После 1970 года де Бовуар заметно изменилась. Она все чаще стала «выпадать» из «магического круга» «семьи» Сартра, неуклонно пополнявшейся юными членами. Для разговоров о политике, которая по-прежнему привлекала Сартра, у него теперь были другие собеседники. Де Бовуар не испытывала к ним особой симпатии. Ее затягивало женское движение, теперь она много времени уделяла сотрудничеству с различными феминистическими организациями. В книге «В конечном итоге» писательница объяснила, чем привлекла ее та новая разновидность феминизма, которая сложилась в начале 70-х годов. Ее восхищал радикализм неофеминизма, который «берет на вооружение лозунг мая 1968 года: изменить жизнь сегодня же. Не рассчитывать на будущее, а действовать без промедления» (Beauvoir 1972: 492). Особенно активно писательница включилась в женское движение в 1974 году, когда создала «Лигу прав женщин» и начала вести в журнале «Тан модерн» рубрику «Обыкновенный сексизм»[32].
В течение шести лет, на которые де Бовуар пережила скончавшегося в 1980 году Сартра, память о нем не оставляла ее. «Его смерть нас разлучила, — писала она. — Моя смерть не соединит нас. Это так. И все-таки хорошо, что когда-то наши жизни на время переплелись» (Beauvoir 1981: 176). До последних дней жизни де Бовуар осталась верна «сартровской» теме: в 1981 году она опубликовала «Церемонию прощания» (воспоминания о последних годах его жизни) и «Беседы с Ж.-П. Сартром» (см.: Ibid.); в 1983 году — два тома писем Сартра («Письма к Кастору и к некоторым другим» — «Lettres au Castor et à quelques autres»). Искренность, доведенная до безжалостности к себе и близким людям, — такова отличительная черта книги «Церемония прощания». Писательница старалась никогда не приукрашивать жизнь. Она не посмела приукрасить даже те отвратительные увечья, которые старость и болезни наносят духу человека. Для Сартра, каким он предстает перед нами в «Церемонии прощания», давно миновали дни, когда он нес восхищенным народам благую весть экзистенциализма. Сияние его славы померкло, но все еще окутывало слабым золотистым ореолом, отблески которого падали и на тех, кто держался поблизости. Эти золотые искры и притягивали к нему ретивых молодых людей, не брезговавших возможностью манипулировать им в собственных целях и изо всех своих недюжинных сил оттеснявших от Сартра прежних соратников. Под их напором приходилось отступать и де Бовуар.

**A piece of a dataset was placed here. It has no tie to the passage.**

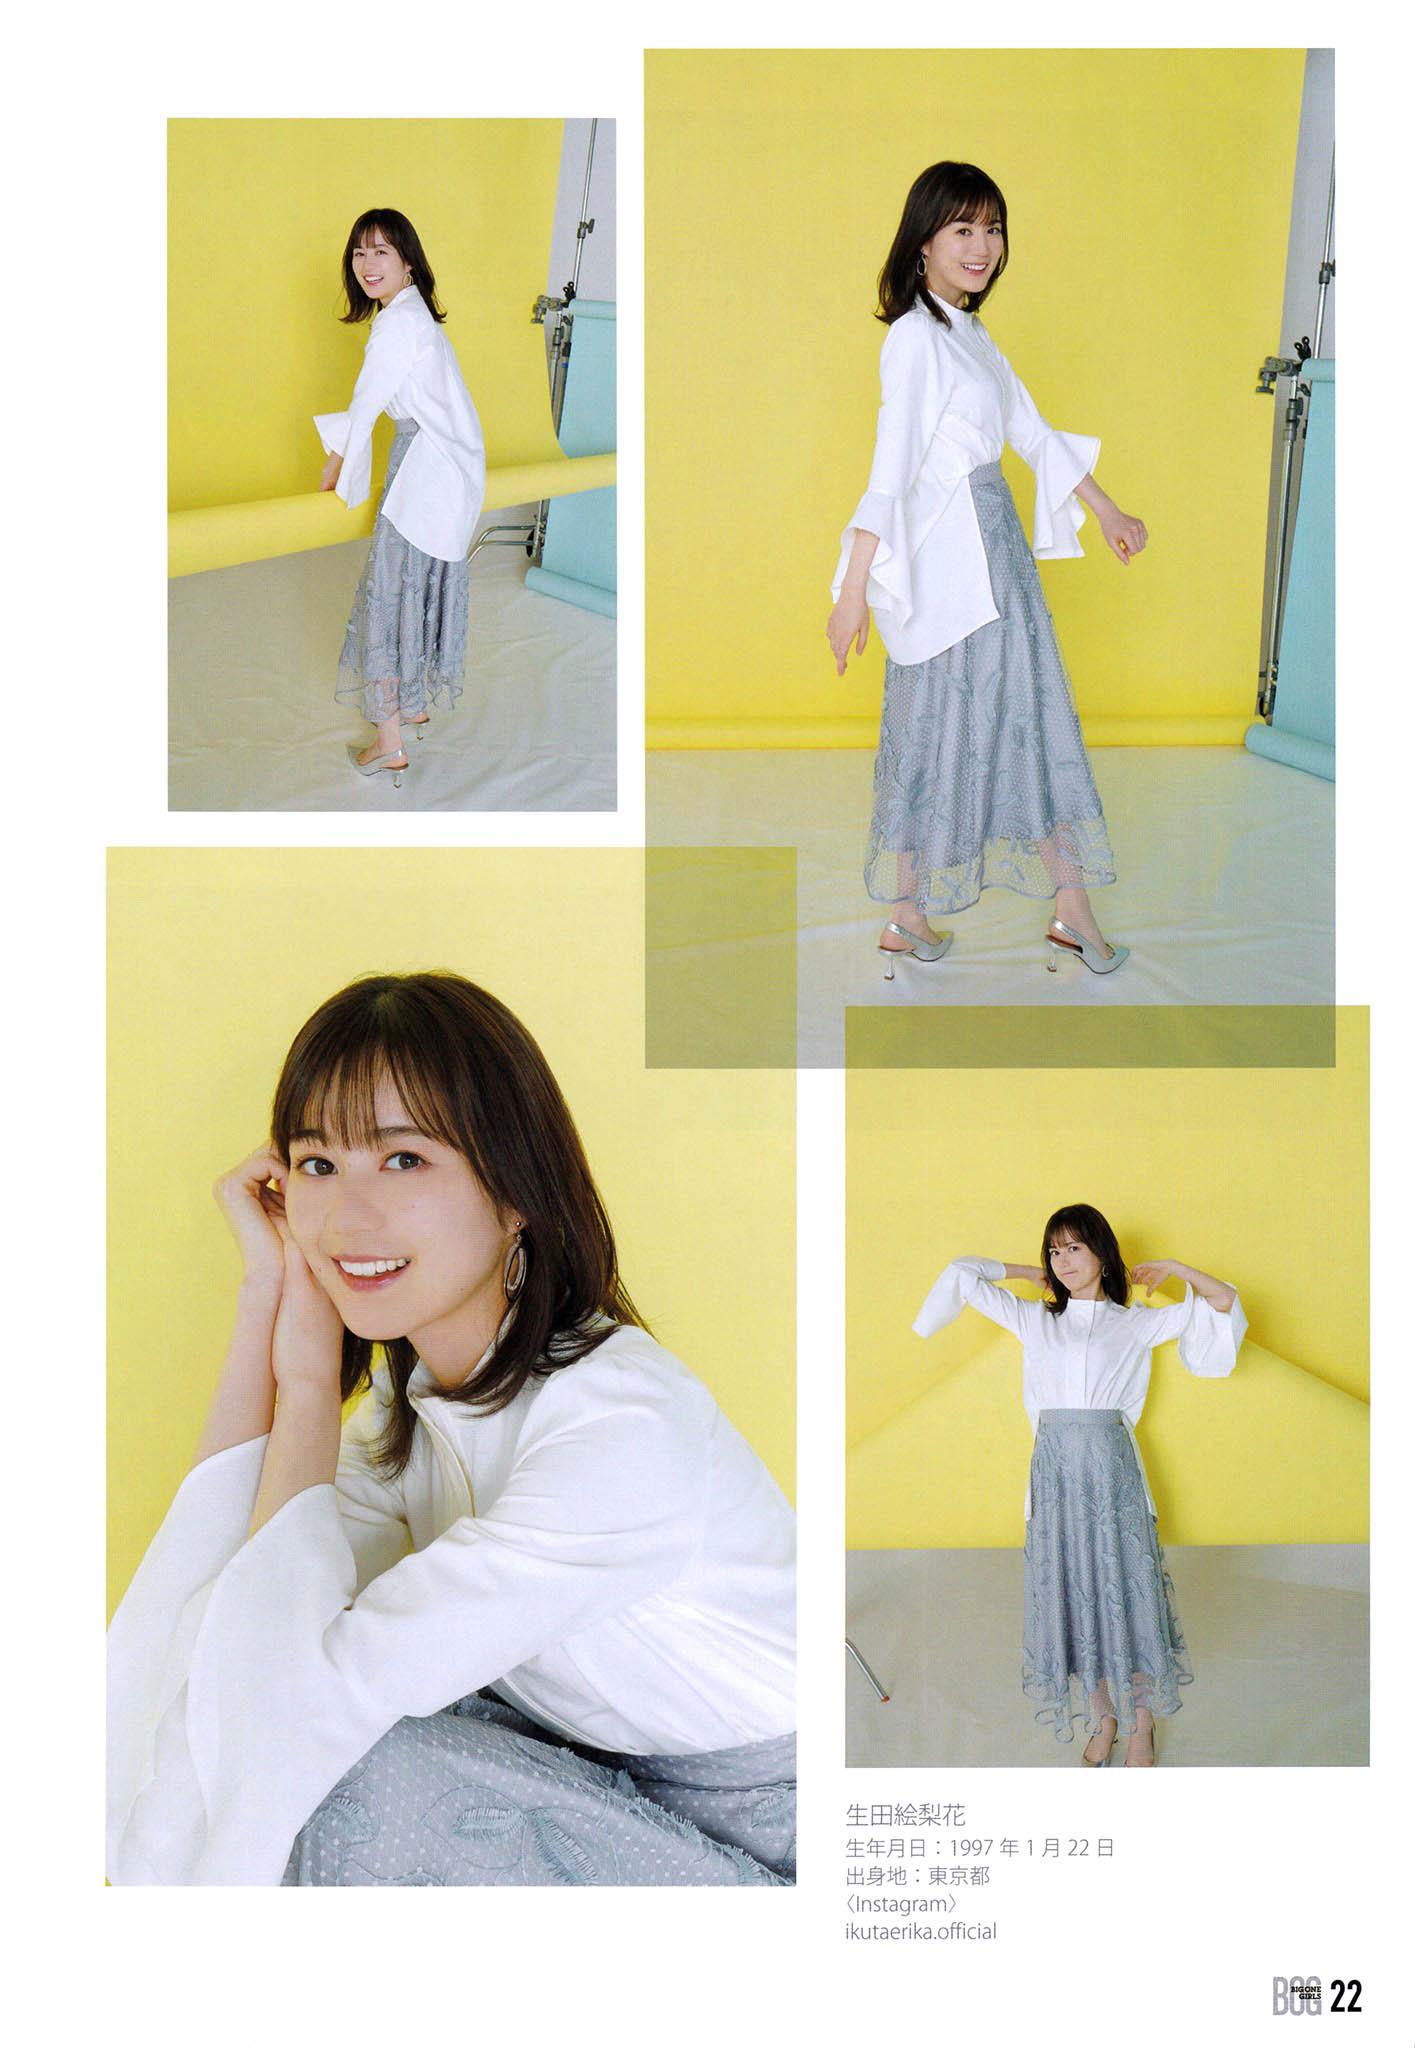 EIkuta SMatsumura Big One Girls 2105 07.jpg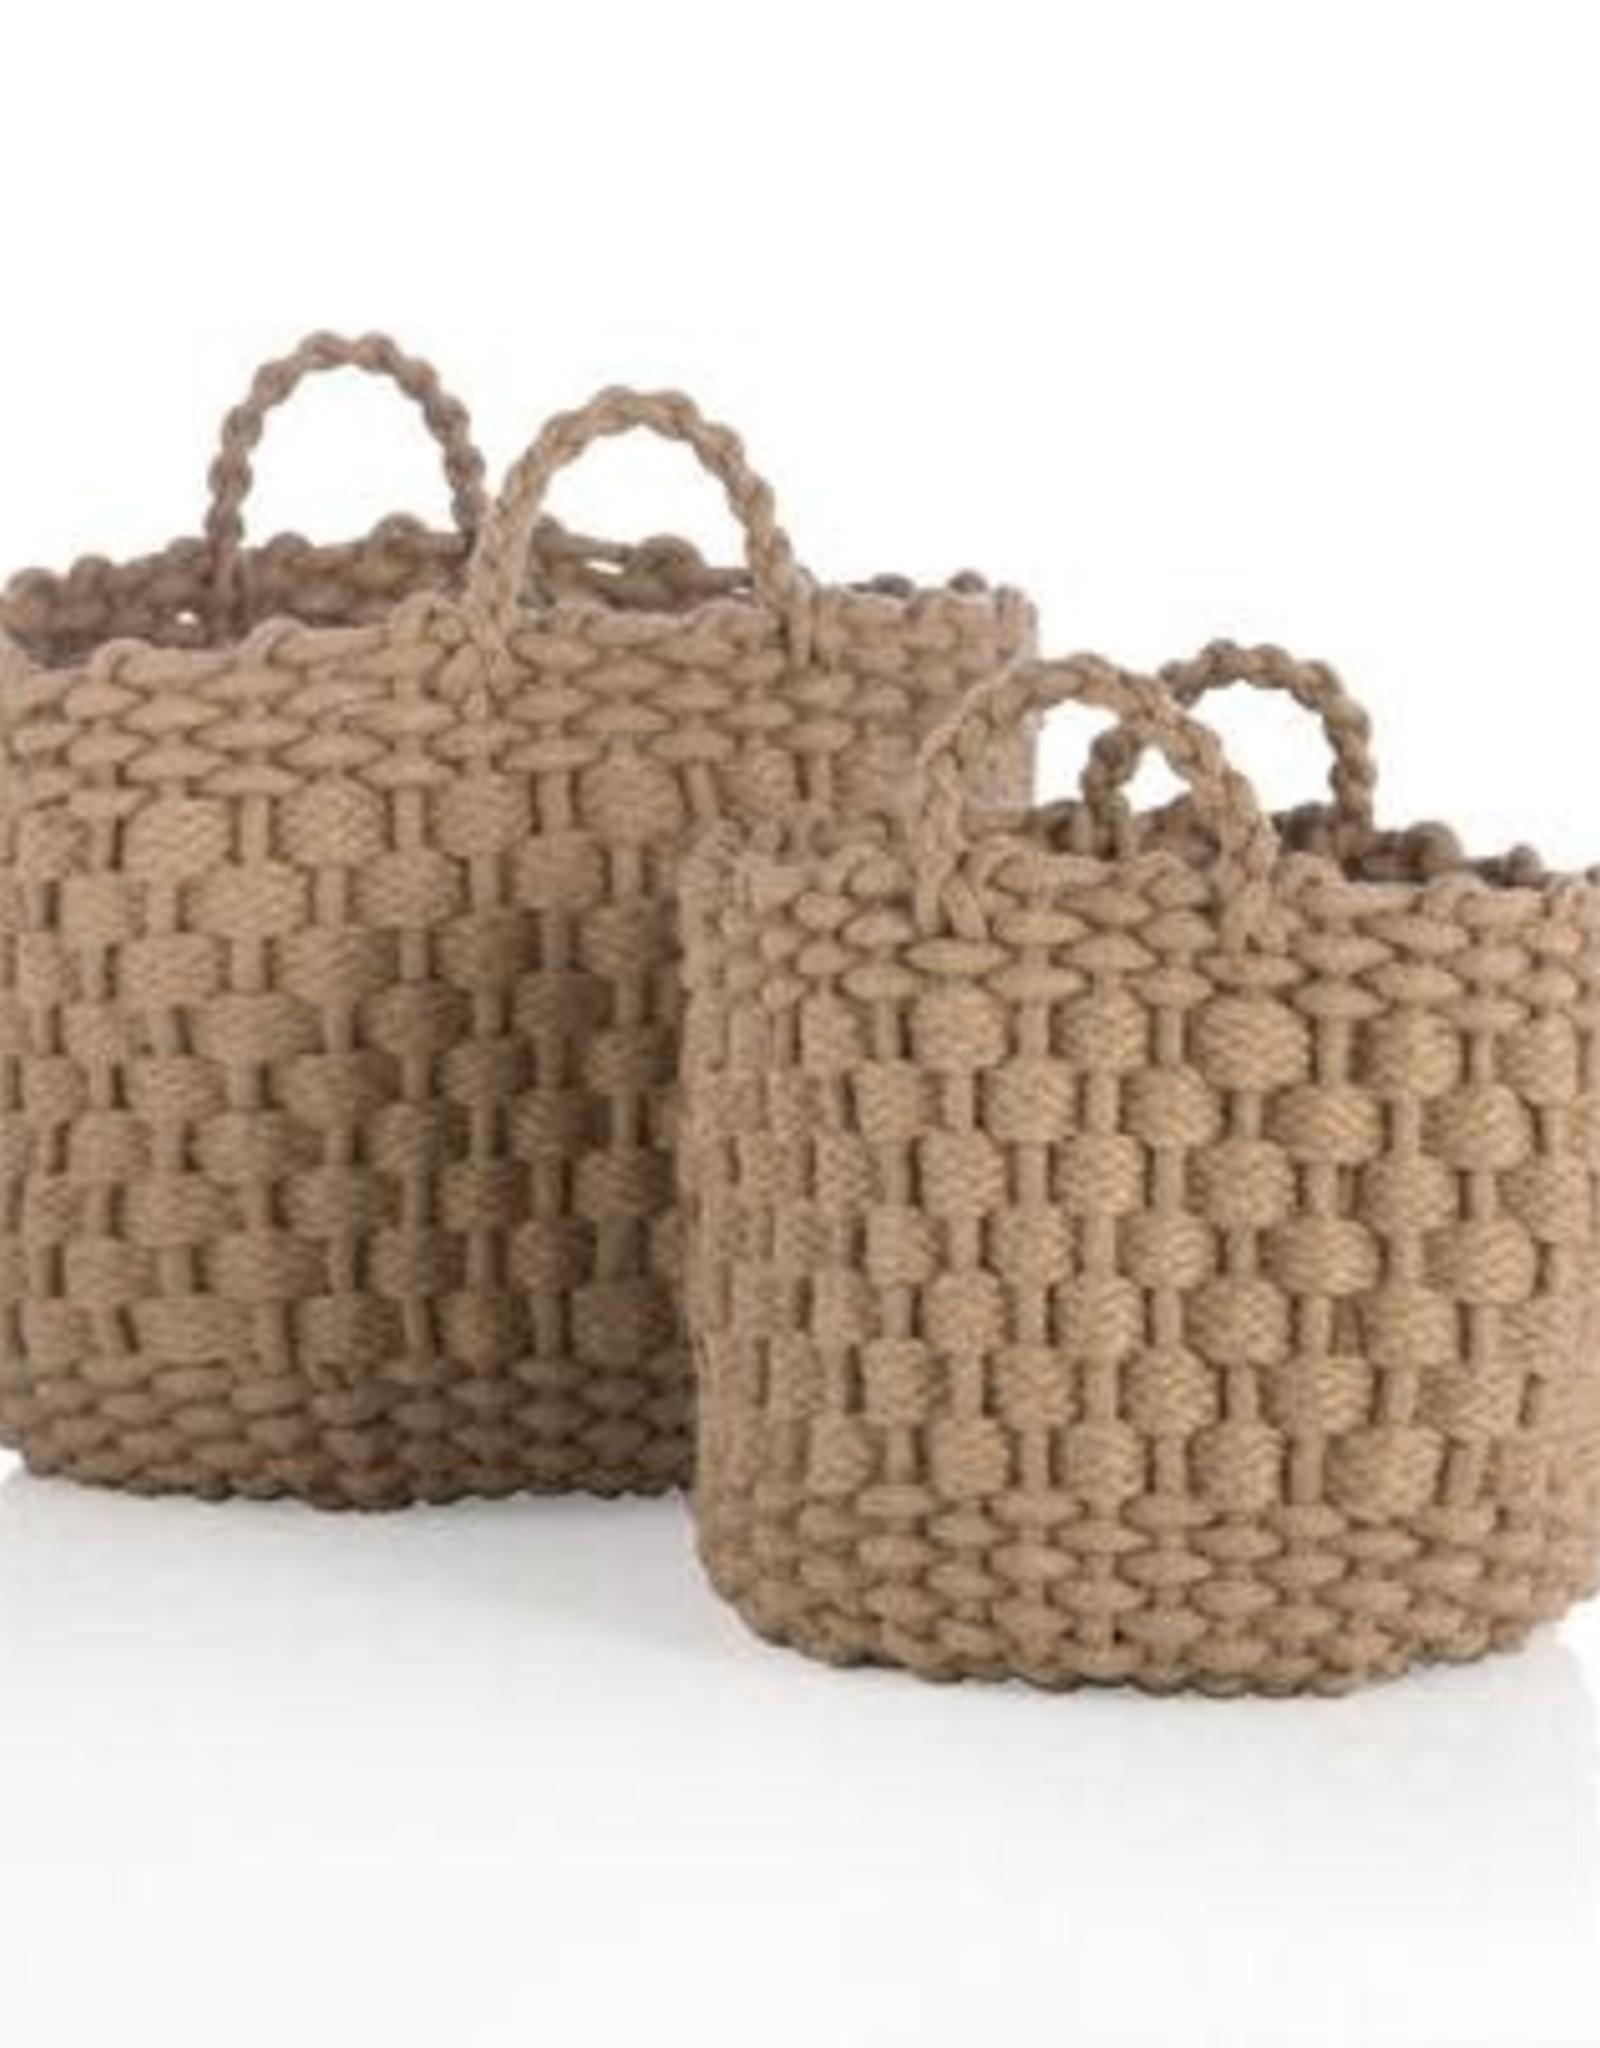 Handled Jute Basket

Симона де Бовуар с молодых лет страдала своего рода «манией интерпретаторства»: поиски различных объяснений поступков и высказываний друзей и знакомых всегда увлекали и ее и Сартра. Множественность подходов к фактам биографии любого человека не могла смутить того, кто горячо ратовал «за двусмысленность морали». Вот почему, написав автобиографию, в которой, казалось бы, поведано о себе все, что достойно упоминания, Симона де Бовуар незадолго до смерти согласилась помогать своему биографу, американской исследовательнице Дейдре Бейр — ради «игры биографических зеркал, ради бесконечных отражений и неуловимой правды этих многочисленных отсветов» (Bair 1990: 14). Согласиться с правом людей судить о ней иначе, чем она сама того хотела, — это был ее способ хранить верность себе. Может быть, именно поэтому она столь бережно относилась ко всему, что сберегала память. И может быть, поэтому о жизни писательницы, как и о жизни Сартра, сохранилось так много свидетельств, что существует мнение, будто таких свидетельств больше, чем о жизни любого другого деятеля XX века.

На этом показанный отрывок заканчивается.